We use FewCLUE datasets and DuEL2.0 (CCKS2020) in our experiments.

Datasets Download Links
FewCLUE https://github.com/CLUEbenchmark/FewCLUE/tree/main/datasets
DuEL2.0 (CCKS2020) https://aistudio.baidu.com/aistudio/competition/detail/83

Put the datasets into the NSP-BERT/datasets/.

Use examples

We can run individual python files in the project directly to evaluate our NSP-BERT.

NSP-BERT
    |- datasets
        |- clue_datasets
           |- ...
        |- DuEL 2.0
           |- dev.json
           |- kb.json
    |- models
        |- uer_mixed_corpus_bert_base
           |- bert_config.json
           |- vocab.txt
           |- bert_model.ckpt...
           |- ...
    |- nsp_bert_classification.py             # Single Sentence Classification
    |- nsp_bert_sentence_pair.py              # Sentence Pair Classification
    |- nsp_bert_cloze_style.py                # Cloze-style Task
    |- nsp_bert_coreference_resolution.py     # Coreference Resolution
    |- nsp_bert_entity_linking.py             # Entity Linking and Entity Typing
    |- utils.py
Python File Task Datasets
nsp_bert_classification.py Single Sentence Classification EPRSTMT, TNEWS, CSLDCP, IFLYTEK
nsp_bert_sentence_pair.py Sentence Pair Classification OCNLI, BUSTM, CSL
nsp_bert_cloze_style.py Cloze-style Task ChID
nsp_bert_coreference_resolution.py Coreference Resolution CLUEWSC
nsp_bert_entity_linking.py Entity Linking and Entity Typing DuEL2.0

Baselines

Reference FewCLUE, we choos 3 training scenarios, fine-tuning, few-shot and zero-shot. The baselines use Chineses-RoBERTa-Base and Chinses-GPT-1 as the backbone model.

Methods

Scenarios Methods
Fine-tuning BERT, RoBERTa
Few-Shot PET, ADAPET, P-tuning, LM-BFF, EFL
Zero-Shot GPT-zero, PET-zero

Downloads

Organization Model Name Model Parameters Download Linking
huawei-noah Chinese GPT L=12 H=769 A=12 102M Tensorflow
HFL RoBERTa-wwm-ext L=12 H=769 A=12 102M Tensorflow

Model Comparison


Main Results

Strategy Details


Strategies

Discussion

  • Sincce NSP-BERT is a sentence-level prompt-learning model, it is significantly superior to GPT-zero and PET-zero in terms of Single Sentence Classification tasks (TNEWS, CSLDCP and IFLYTEK). At the same time, it can solve the Entity Linking task (DuEL2.0), and the model is not limited by the non-fixed-length entity description, which GPT-zero and PET-zero cannot do this.
  • However, it doesn't work as well on Token-Level tasks, such as Cloze-style task and Entity Typing.
  • In future work, it is essential to extend NSP-BERT to the few-shot scenario.
Owner
Sun Yi
PhD student in computer science
Sun Yi
Decensoring Hentai with Deep Neural Networks. Formerly named DeepMindBreak.
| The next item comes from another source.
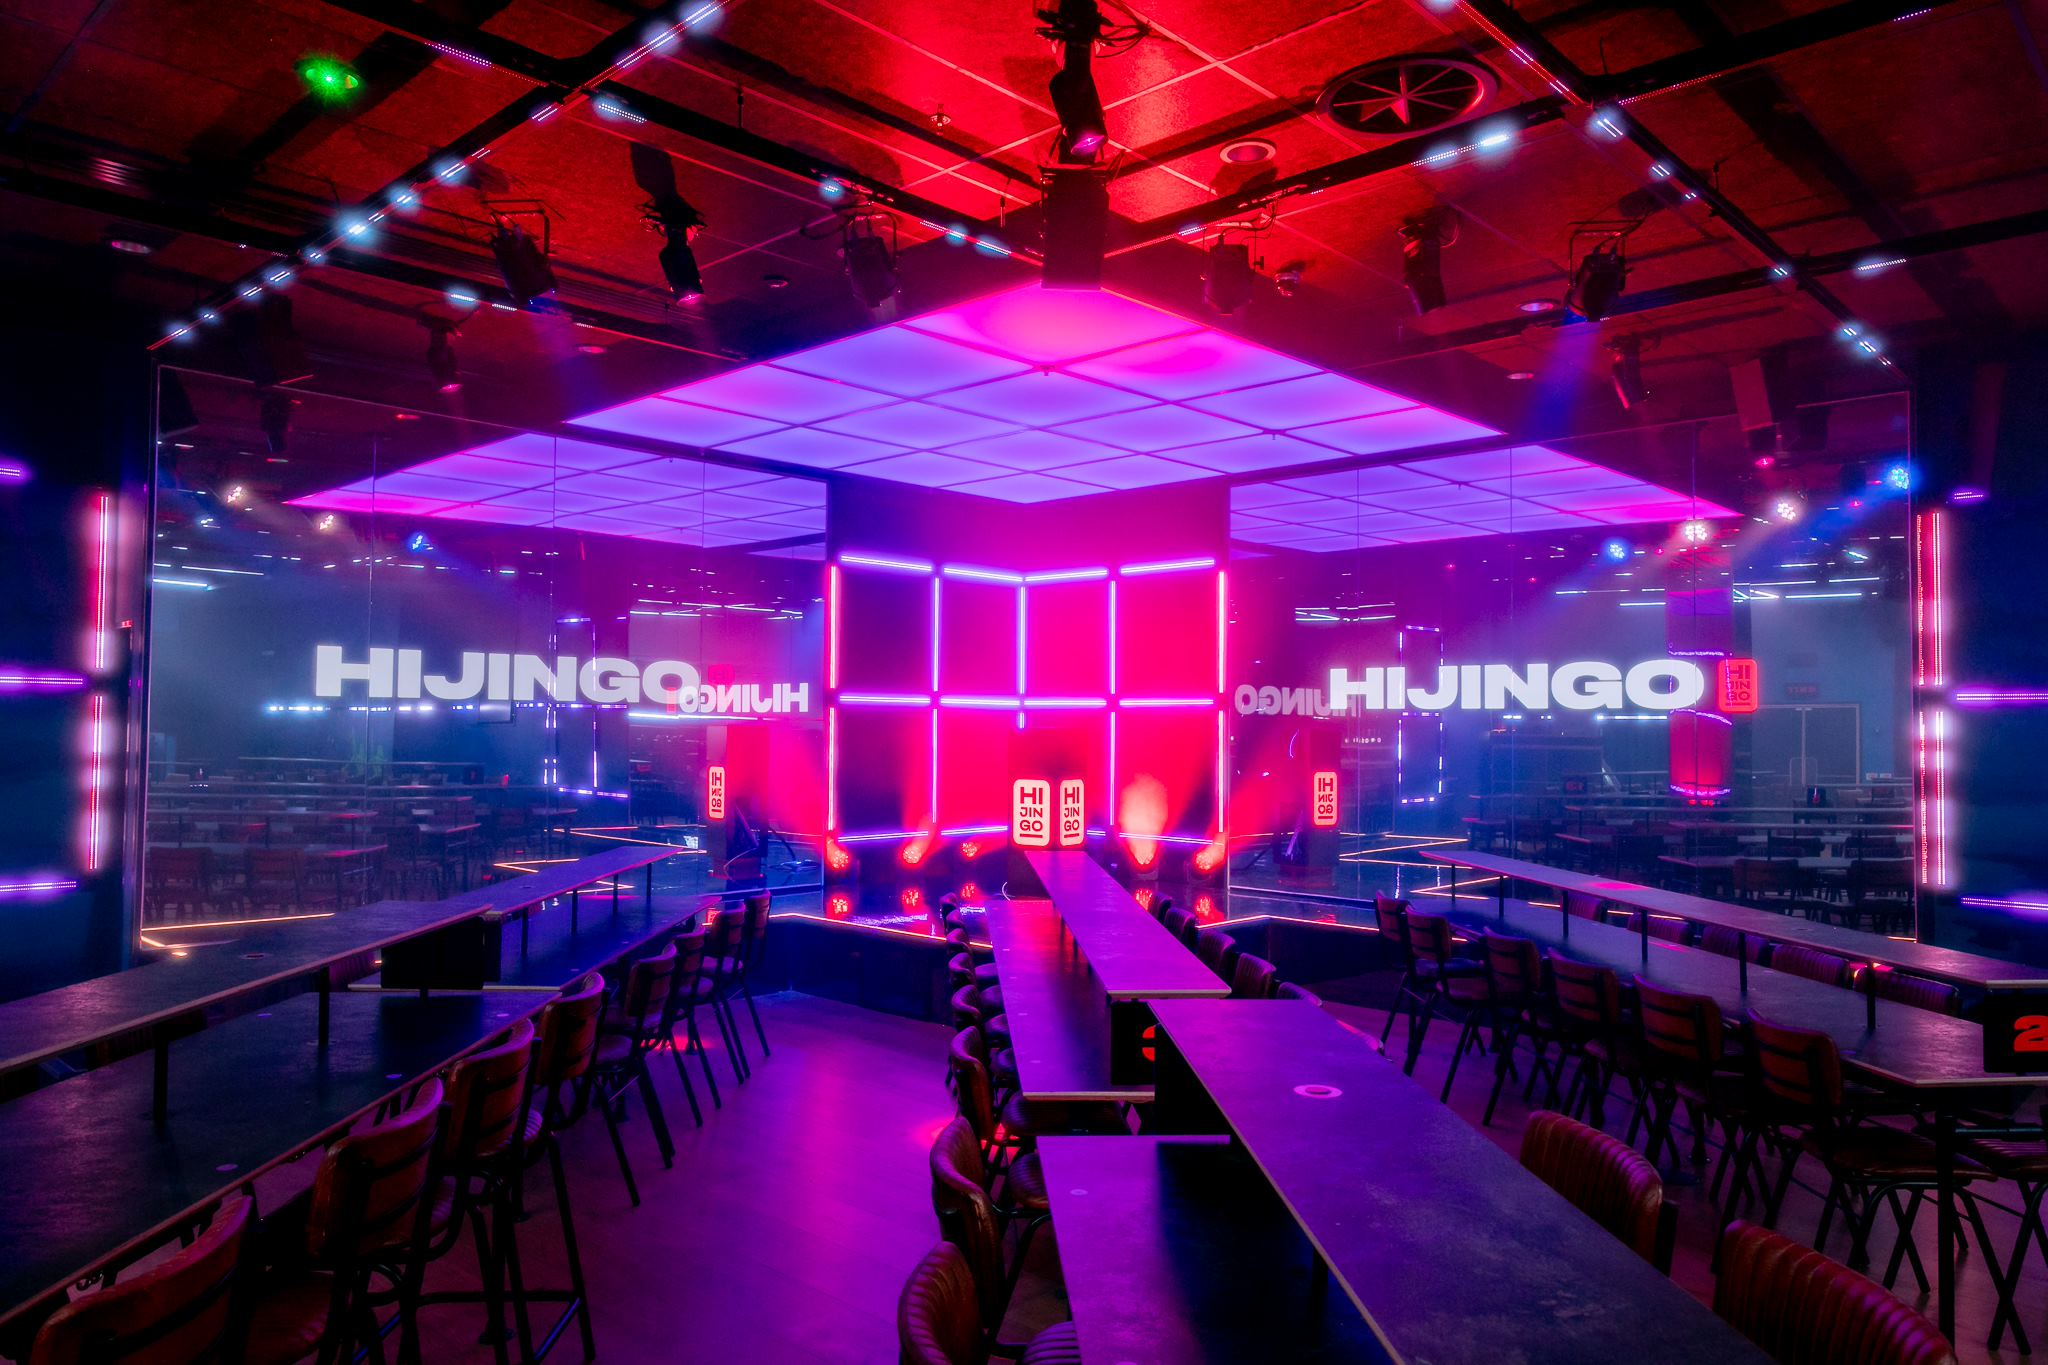 Hijingo Bingo, Shoreditch Header Image

DeepCreamPy Decensoring Hentai with Deep Neural Networks. Formerly named DeepMindBreak. A deep learning-based tool to automatically replace censored a

616 Jan 06, 2023
DeepCO3: Deep Instance Co-segmentation by Co-peak Search and Co-saliency

[CVPR19] DeepCO3: Deep Instance Co-segmentation by Co-peak Search and Co-saliency (Oral paper) Authors: Kuang-Jui Hsu, Yen-Yu Lin, Yung-Yu Chuang PDF:

Kuang-Jui Hsu 139 Dec 22, 2022
EEGEyeNet is benchmark to evaluate ET prediction based on EEG measurements with an increasing level of difficulty

Introduction EEGEyeNet EEGEyeNet is a benchmark to evaluate ET prediction based on EEG measurements with an increasing level of difficulty. Overview T

Ard Kastrati 23 Dec 22, 2022
High level network definitions with pre-trained weights in TensorFlow

TensorNets High level network definitions with pre-trained weights in TensorFlow (tested with 2.1.0 = TF = 1.4.0). Guiding principles Applicability.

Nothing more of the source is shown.